◆ Information provided ◆

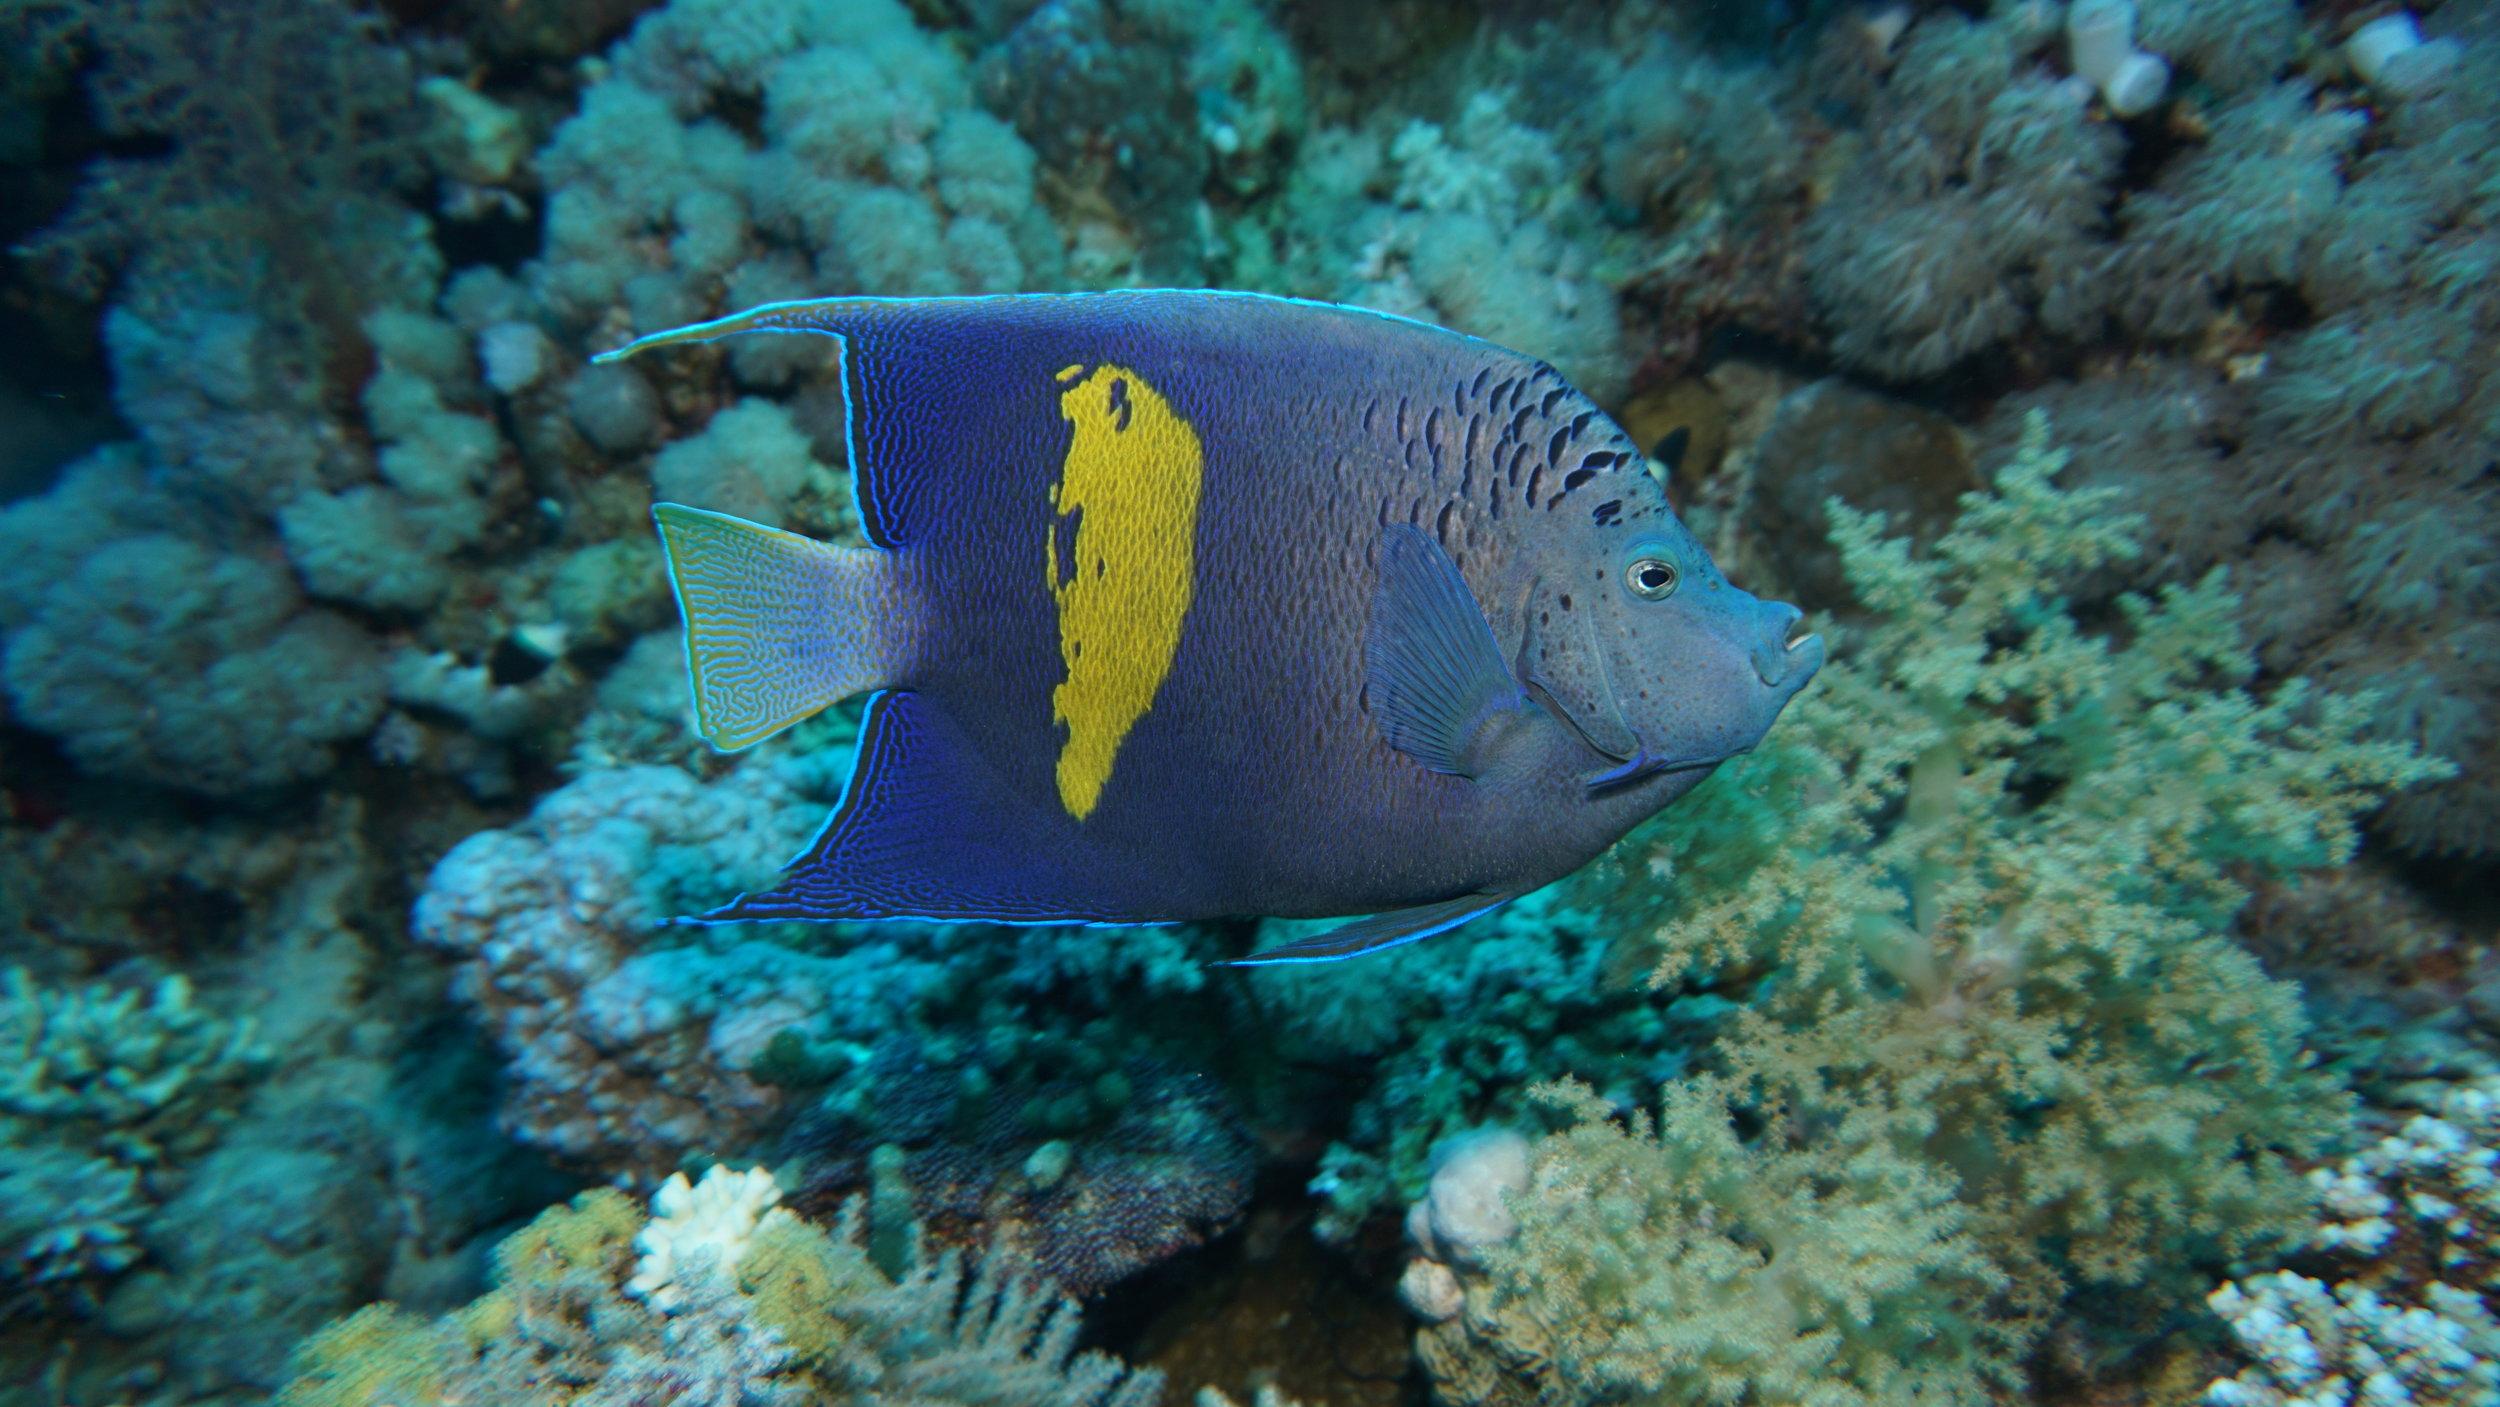 Yellowbar angelfish credit: Ceyhan Bekiroglu / coral reef image bank
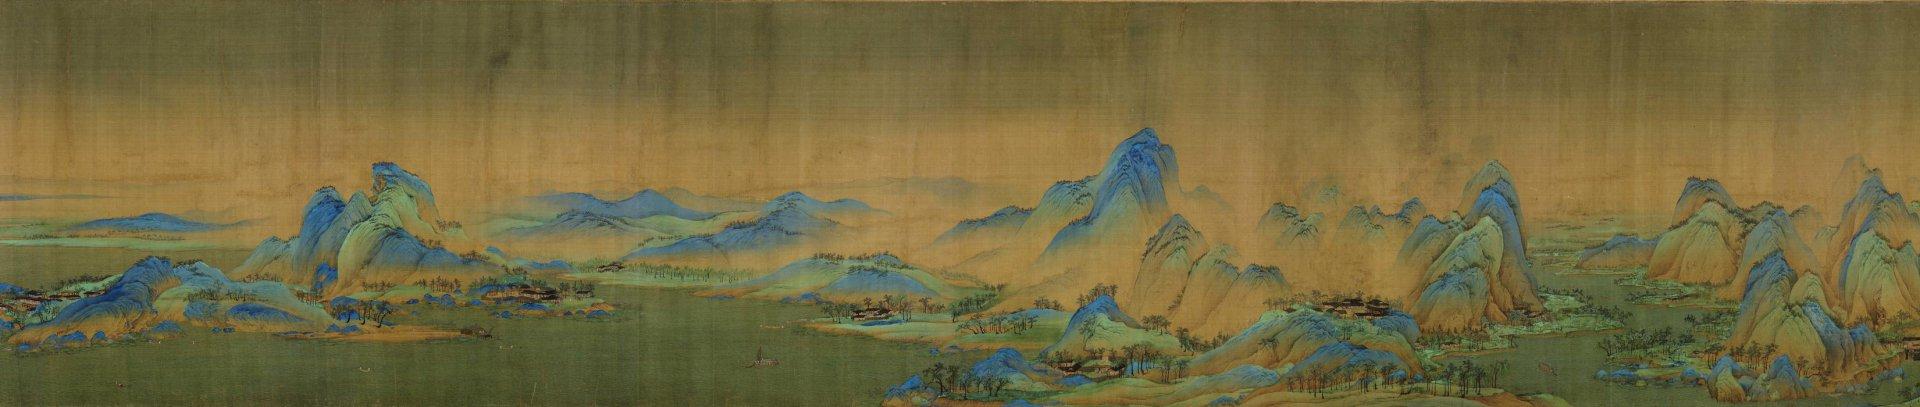 2.tWang_Ximeng_-_A_Thousand_Li_of_River1.jpg
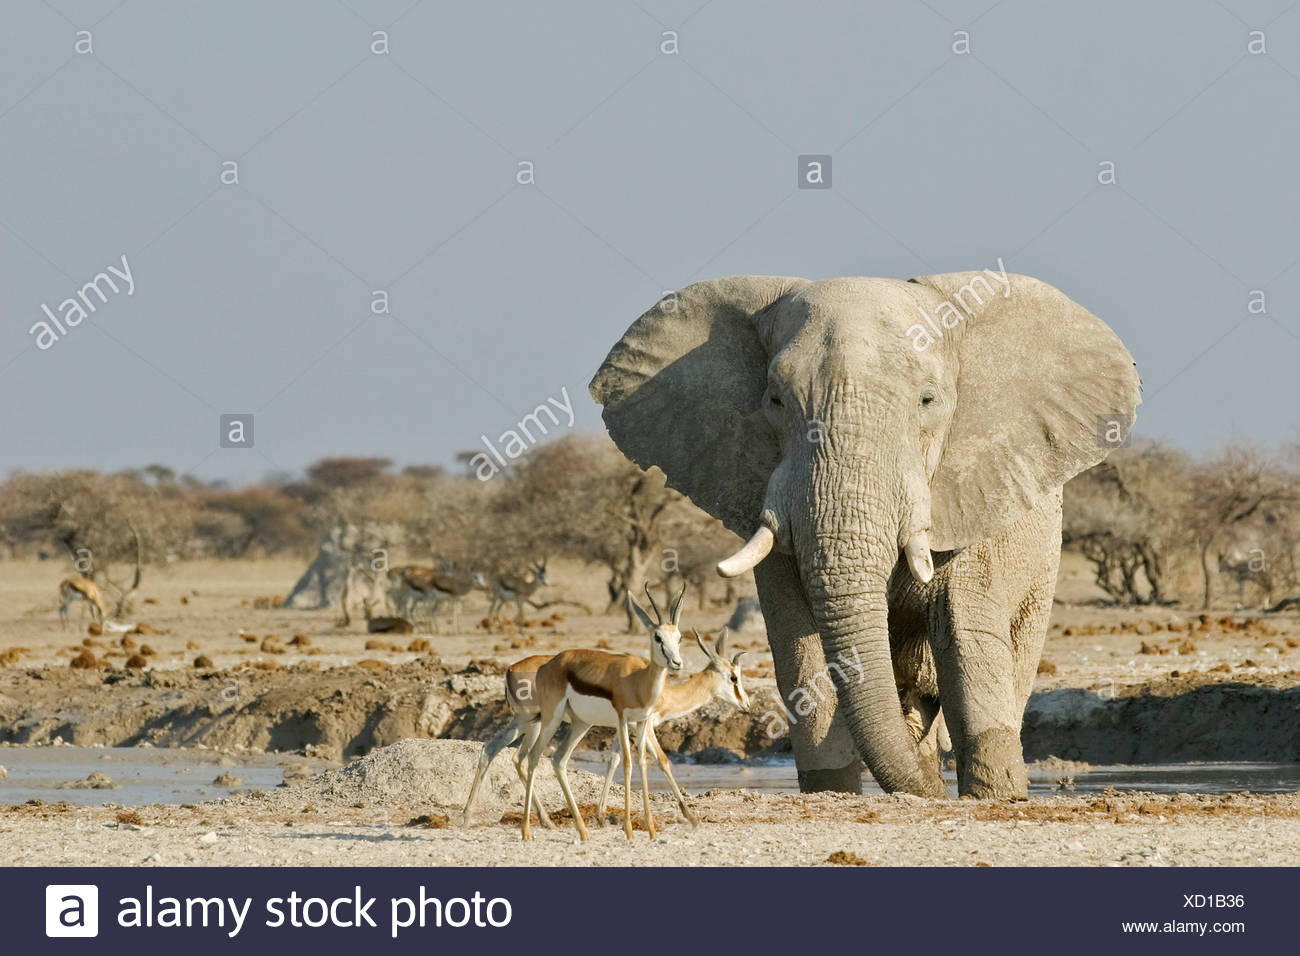 African Elephant (Loxodonta africana) and springboks (Antidorcas marsupialis), Nxai Pan, Makgadikgadi Pans National Park, Botsw Stock Photo
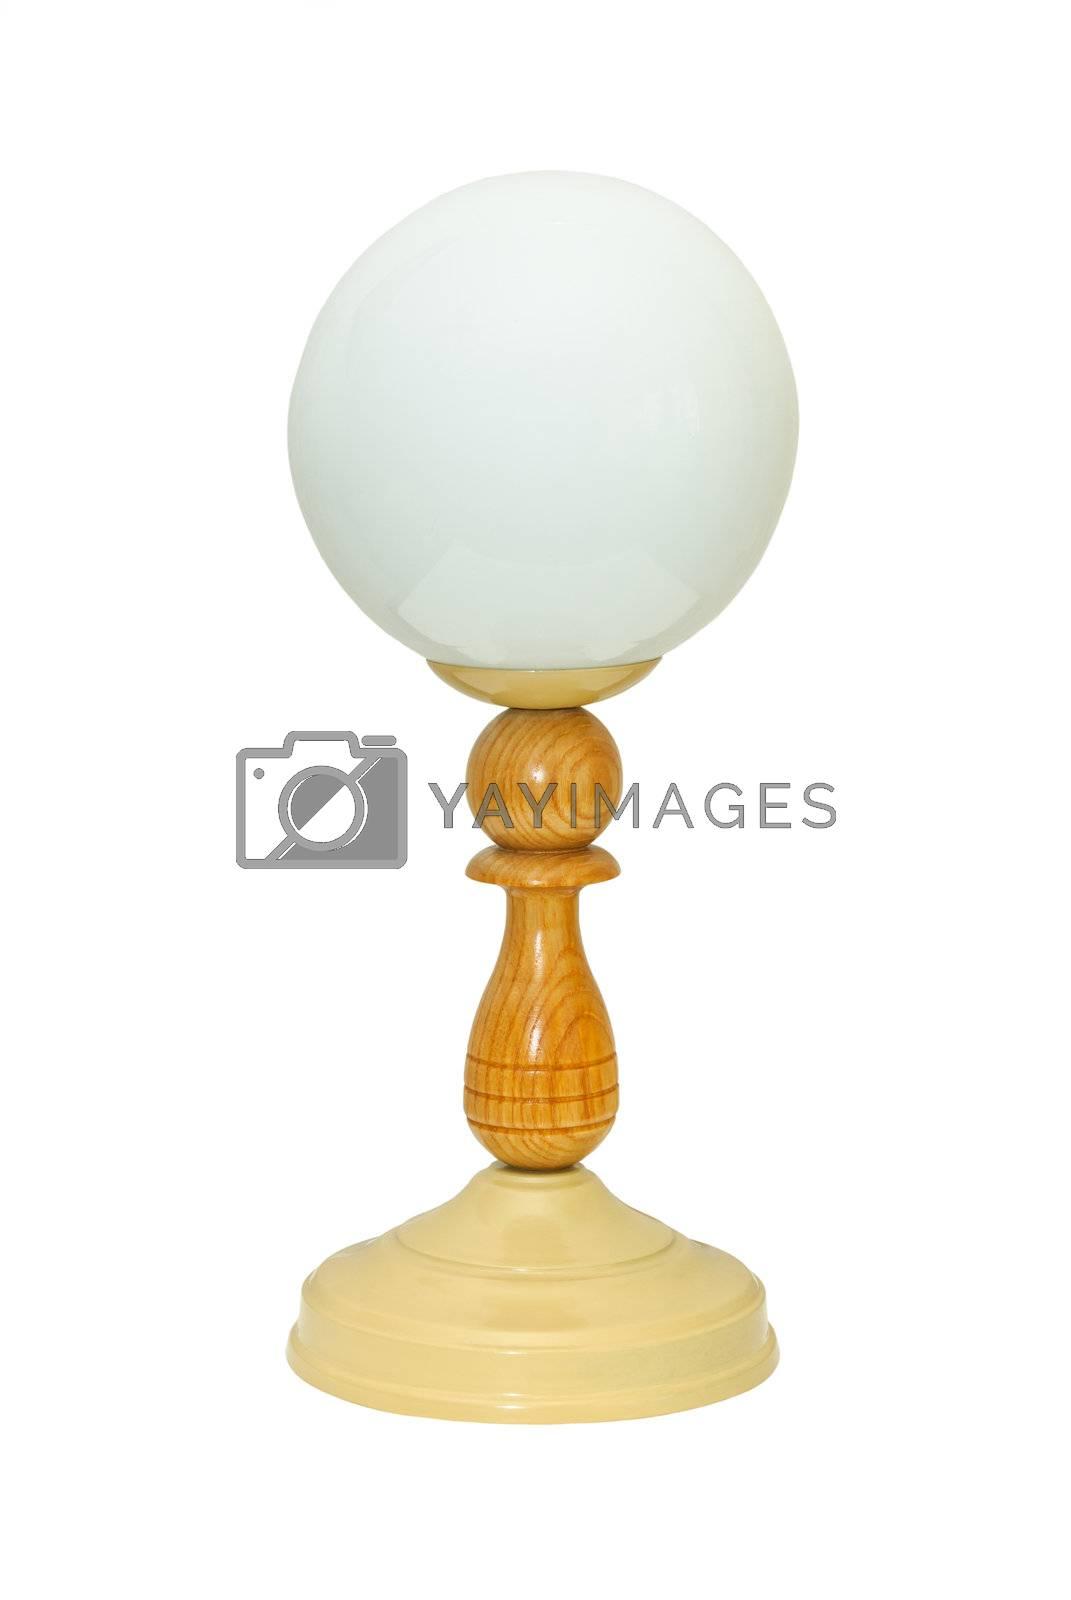 Desk lamp, isolated on white background

◆ Exercise ◆
Reproduce exactly, and only, the lines that begin at the one containing "2.tWang_Ximeng_-_A_Thousand_Li_of_River1.jpg" and end with the final line of the data, both included, while omitting every picture.

◆ Your response ◆
 2.tWang_Ximeng_-_A_Thousand_Li_of_River1.jpg
 African Elephant (Loxodonta africana) and springboks (Antidorcas marsupialis), Nxai Pan, Makgadikgadi Pans National Park, Botsw Stock Photo
 Desk lamp, isolated on white background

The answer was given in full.